Listen closely to Nigerian music and you will notice something: Nigerian producers leave their mark right at the start. “Ozedikus Nwanem.” “London.” “Tune into the King of Sounds and Blues.” That voice tag announces who made the sound.
Producers are essential to the music business. They build the beat, arrange the instruments, guide the recording, and shape the final song. In Nigeria, many also contribute melodies, structure the record, and help write the hook. Without them, there is no sound.
Yet most Nigerian producers still earn the old way: make a beat, sell it, get paid once, and move on. When the song becomes a hit, the artist earns, the label earns, and the producer often gets nothing more.
Selling beats should not be the only income stream. Nigerian producers can earn royalties just like performing artists. If your songs are properly registered and your rights are documented, producer royalties, publishing income, performance royalties, mechanical royalties, and sync licensing can keep money coming in long after the beat was made.

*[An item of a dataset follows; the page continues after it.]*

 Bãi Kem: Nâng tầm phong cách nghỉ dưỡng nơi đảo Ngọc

The problem is that many Nigerian producers do not know this system exists. Some think royalties are only for artists. Others assume publishing is only for songwriters.
If you are a Nigerian producer, you don’t have to rely on beat sales alone. Let’s show you the proven ways to earn more from your music.

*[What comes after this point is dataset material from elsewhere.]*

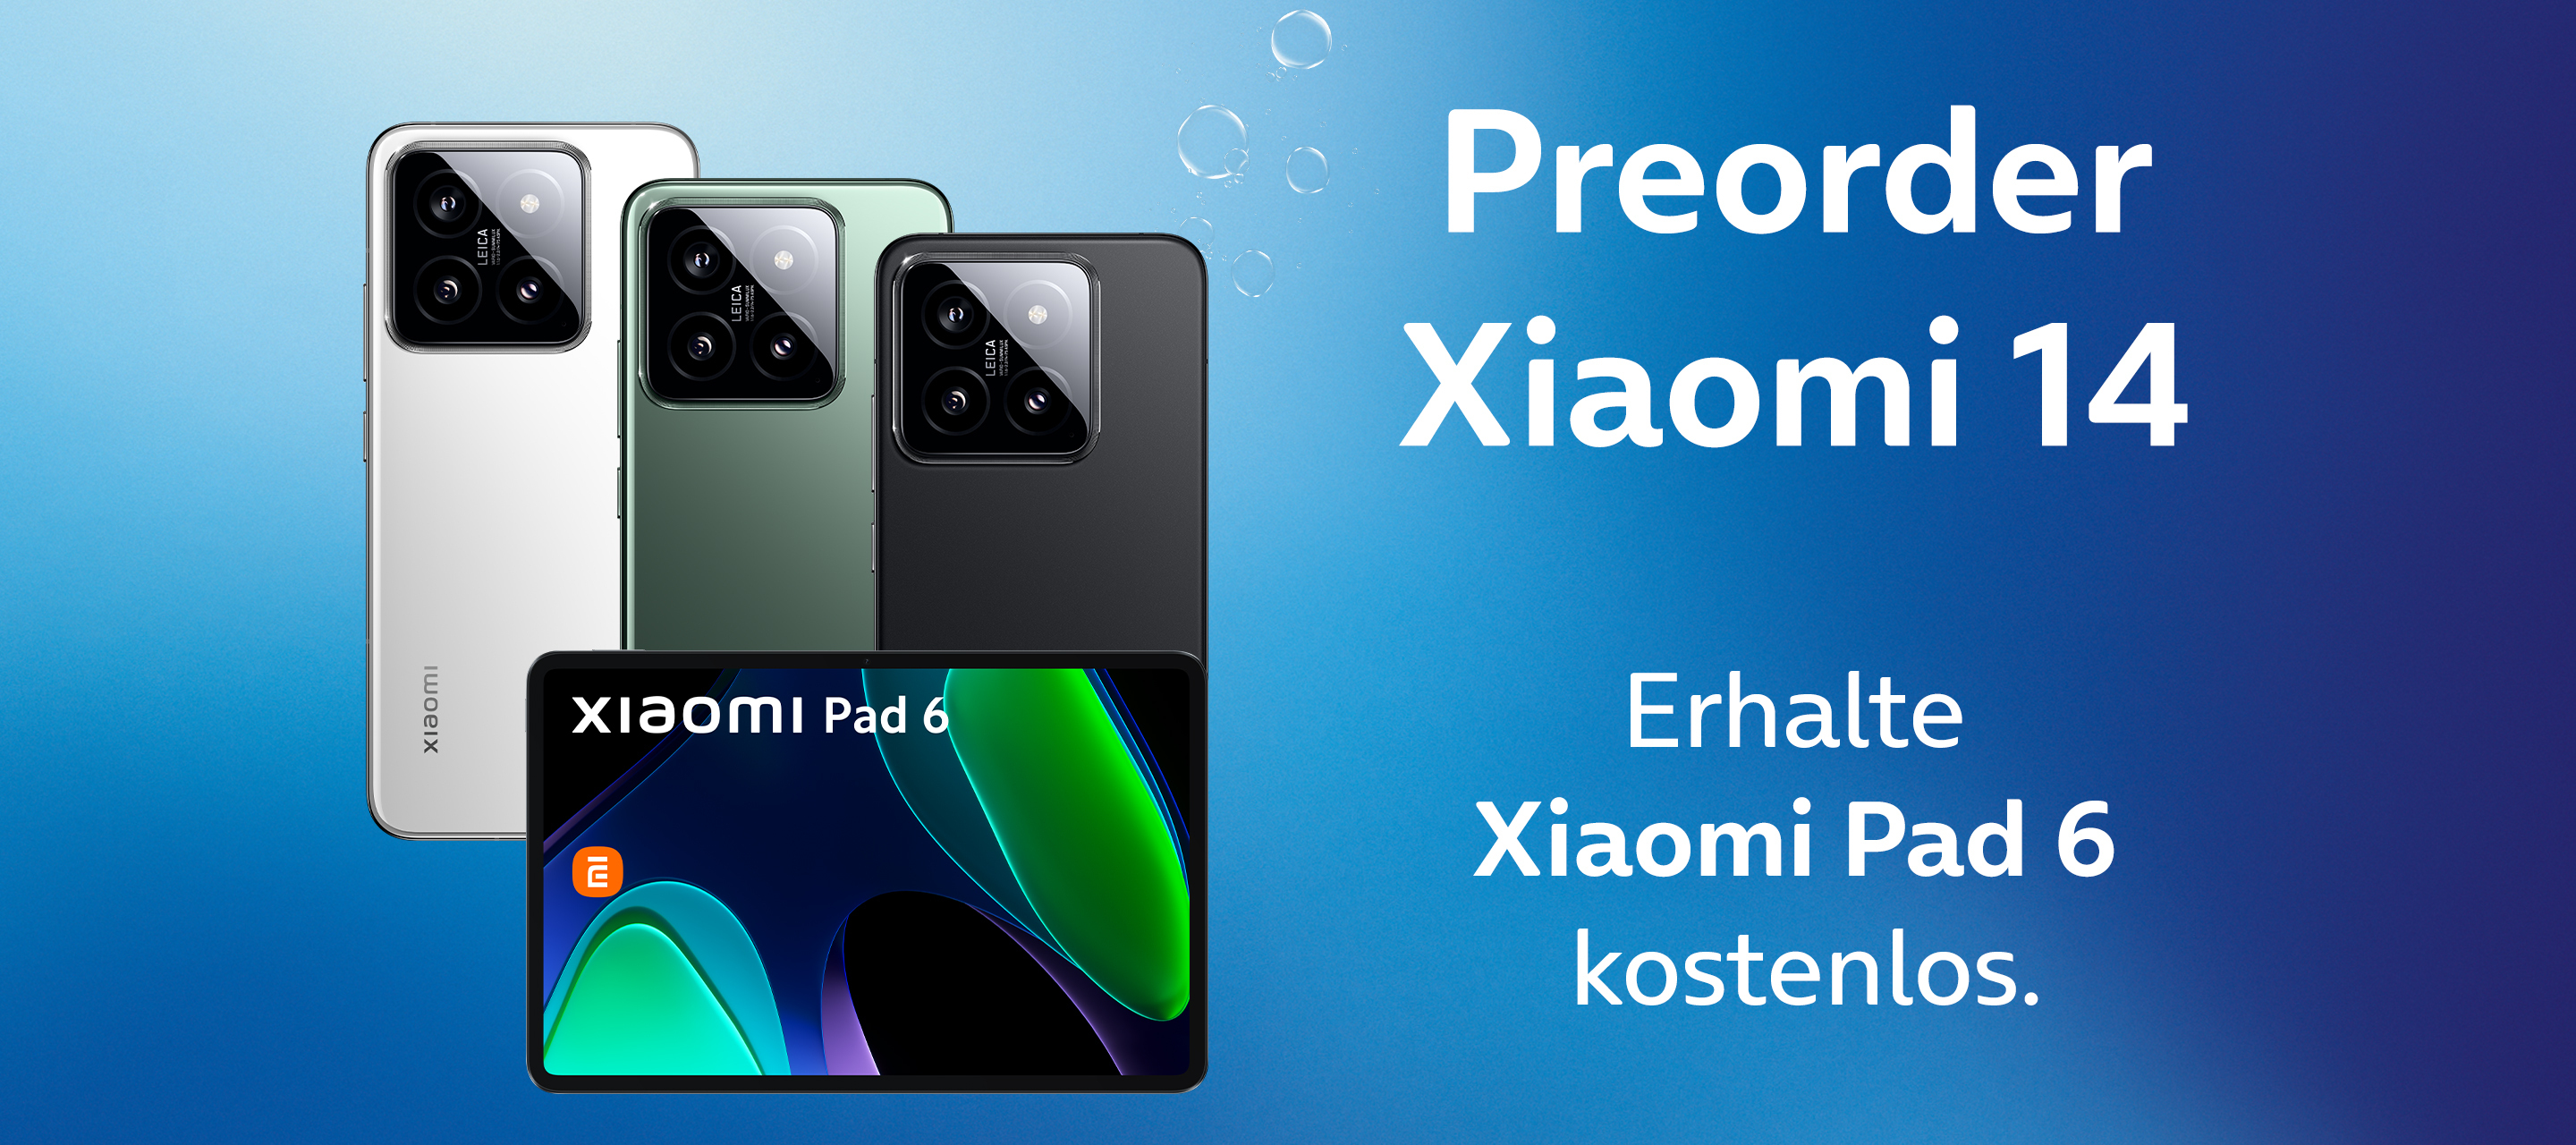 Zum Zugreifen - Die neuen Xiaomi 14 Modelle inklusive Vorbestellerbonus

How to Make Money as a Nigerian Music Producer
Many Nigerian producers believe selling beats or collecting studio fees is the only way to earn, but there are other proven ways to make money alongside these. These include:
- Selling Beats

Selling beats is the most familiar way to earn as a Nigerian producer. You create an instrumental and sell it to an artist for a fee. Depending on your reputation and the agreement, this fee can range from a small amount to millions of naira or dollars depending on the client.
Beat sales can take several forms:
- One-time payment
- Lease agreement
- Exclusive rights sale
- Direct sale via social media
- Beat marketplaces like BeatStars or Airbit
For many upcoming Nigerian producers, beat sales are the fastest way to get paid. But once the beat is sold without royalty rights in the agreement, you earn nothing else from the song, even if it goes viral, racks up radio play, or lands in a film or advert.

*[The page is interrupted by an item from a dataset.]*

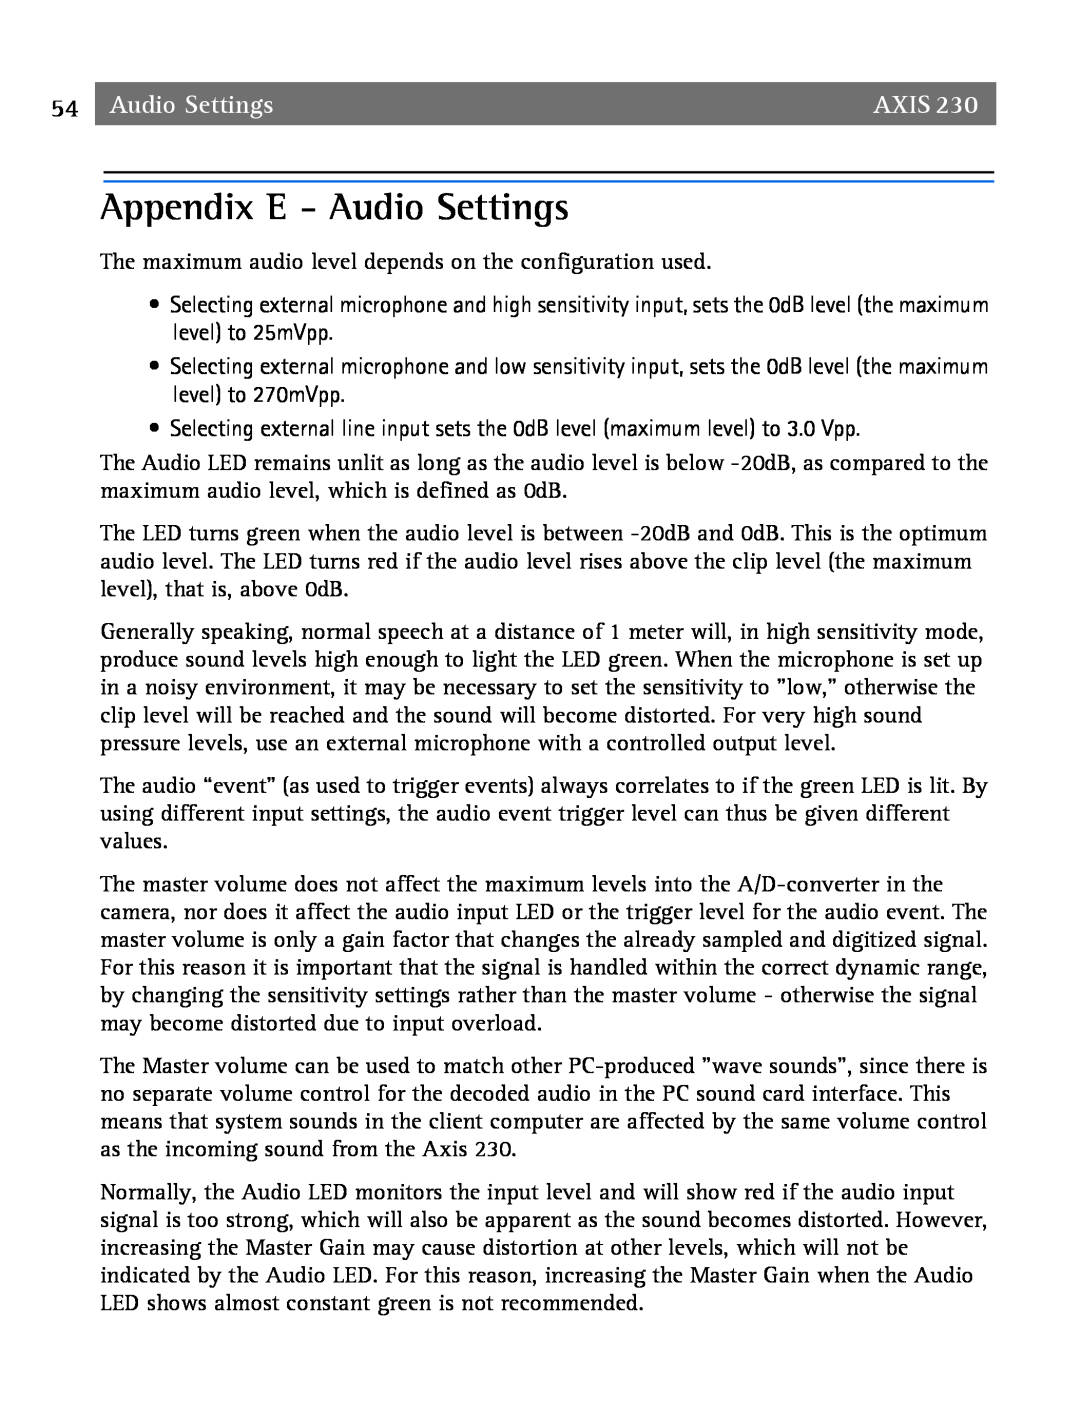 Axis Communications 2 user manual Appendix E - Audio Settings, Axis

Beat sales alone are not a sustainable model. Your creative contribution deserves recurring income, not just a one-time fee.
- Upfront Production Fee and Studio Payments
Beyond selling a beat, you can charge for the full scope of production work: recording, arranging, mixing, sound design, and session direction. How much you earn depends on your experience, the artist’s budget, and whether a label is involved.
In Nigeria, it is common to receive both a production fee and a royalty share, especially with established artists. The relationship between these two is straightforward: a higher upfront fee typically comes with a lower royalty percentage, while a lower fee can mean a higher long-term share.
Industry practice often balances these two.
- High upfront fee usually means lower royalty percentage
- Low upfront fee usually means higher royalty percentage
Most professional producers include both upfront payment and royalty splits in their agreements. Without clear terms, problems arise the moment the song breaks. Discussing and documenting splits before a song drops protects everyone involved.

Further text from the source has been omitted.